In Senegal, only 39 percent of people over 15 years old are literate; 38 percent of children are in school; and 63 percent of the population lives on under $2 dollars a day, according to the latest UN Human Development Index.

“The question is not so much ‘Can computers make a difference?’” George Roter, co-founder of the Canadian organization Engineers Without Borders, told IRIN. “The bigger question is…‘What are the bottlenecks to a child getting an education?’ The natural answer is not that there aren’t enough computers.”

In rural African villages, barriers to education are “less sexy” issues, such as retention of quality teachers and malnutrition among children, Roter said, adding that resources should be prioritized accordingly.

Other concerns include the training of teachers, how computers would be disposed of, and the costs involved with maintenance.

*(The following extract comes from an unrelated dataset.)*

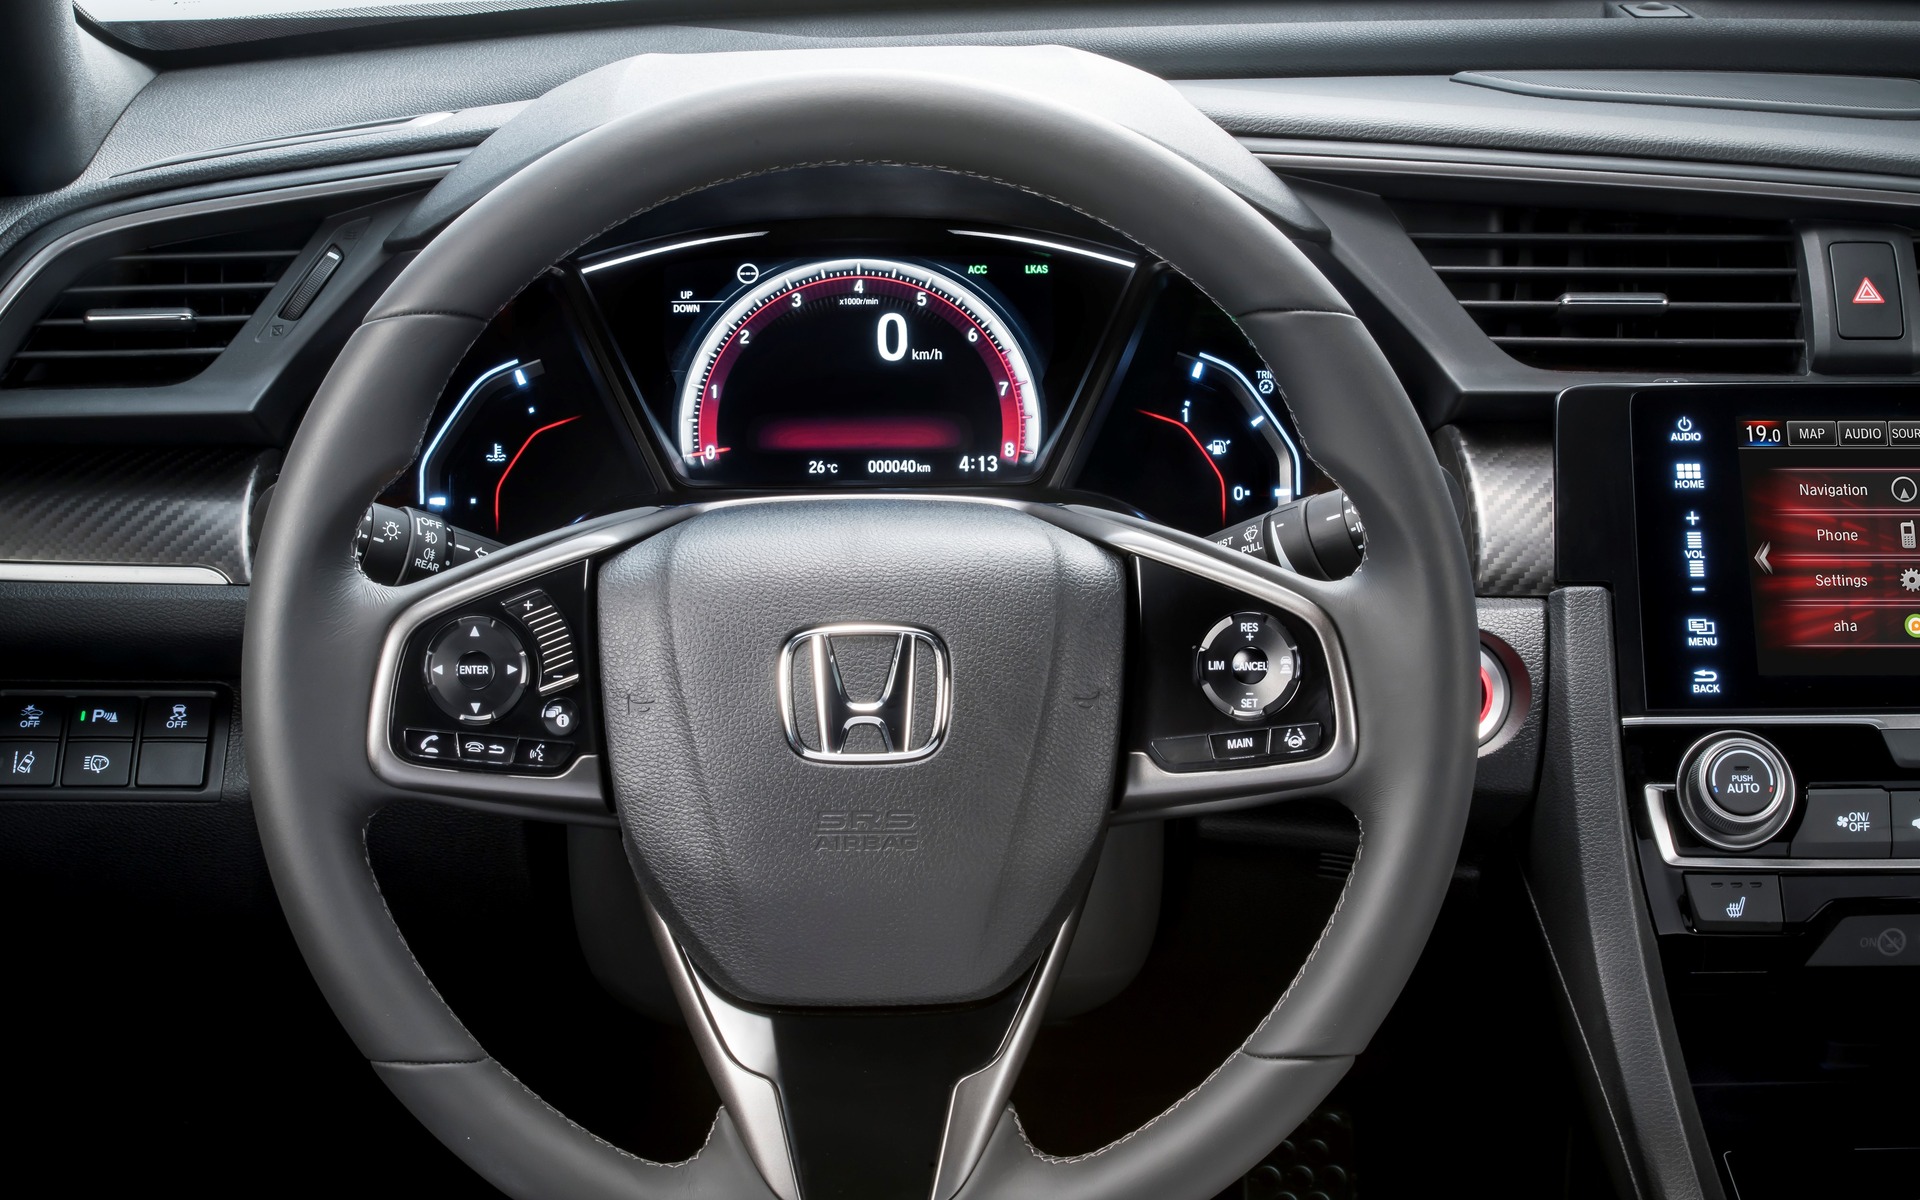 2017 Honda Civic Hatchback (European version)

A 2002 study by the World Bank Human Development Network and the UK Department for International Development (DfID) found that the total cost of ensuring effective computer learning in secondary schools in developing countries could well be around five times the cost of the computer equipment itself.

Challenges

Even in its urban setting, the Serigne Amadou Aly Mbaye school faces challenges every day with its computer project.

Some of the older teachers are resistant to change and refuse to take part. Kids huddle around the computers, sitting two or three to a chair, as there is only one computer for every six children. Also, because of an unreliable power supply, every time all six computers are turned on at once, a loud beeping noise starts up and three of the computers often shut down.

“Sometimes”, school director Cheikh Sylla told IRIN, “you prepare your lesson, with internet and video-projection, then the electricity cuts. You become totally disabled.”

Still, those involved in the project say African students must not and need not allow poverty and underdevelopment to limit their options.

“There is little doubt that sub-Saharan Africa's underserved populations are missing out on the boons of information and communication technology,” the Canadian sponsor IDRC wrote on its website.

“Even if they’re poor, they have to evolve with the world,” grade 3 teacher Ndickou Diop Ndaw said of her students. She questioned how students would conduct research at university level and how they would keep up with others if they did not know how to use computers.

“Being poor doesn’t mean being poor in knowledge too.”

There’s no sense in waiting for the continent to develop further before embracing technology, added school director Sylla. In fact, he said, embracing technology will lead to more development.

“It can open doors,” added researcher Papa Amadou Sène of INEADE. “It can pull people out of poverty.”

Motivated students

Teachers at the Serigne Amadou Aly Mbaye school have been using computers in some classrooms since 2003 to do maths problems, French vocabulary exercises, research projects, and geometry tracing.

They say it allows students to instantly see their mistakes, and correct their work themselves, and also motivates students to work harder. Tools like video-projection create moving, life-size images that allow students to experience the feel and atmosphere of places they could only read about in books.

“The students invest themselves more because it’s interesting for them,” school director Sylla said. “There are things to discover.”

Absences are down. Results are up. In the director’s office sits a trophy the students won at a regional learning contest, where they made it to the semi-finals last year.

“It’s thanks to the internet that the students have access to extraordinary resources that have hugely opened doors to knowledge,” Sylla said.

Children already have access to computers through the scores of internet cafes that line the streets of Dakar. Sylla said it was important they use the machines in an educational setting as well.

“They’ll listen to music, look at pornographic sites and chat,” Sylla said. “Children who don’t have the internet at school will think that that’s all the internet is good for.”

An increasing number of elementary schools in Senegal are seeing technology enter their classrooms. Of close to 7,000 elementary schools in Senegal, 231 declared having at least one computer in a survey of schools in Dakar, St. Louis and Thies, according to INEADE’s Sène.

Sène said the government is in the process of distributing 30,000 computers to elementary schools, starting in Dakar. He added the government has already made 100,000 orders for the $100 laptop.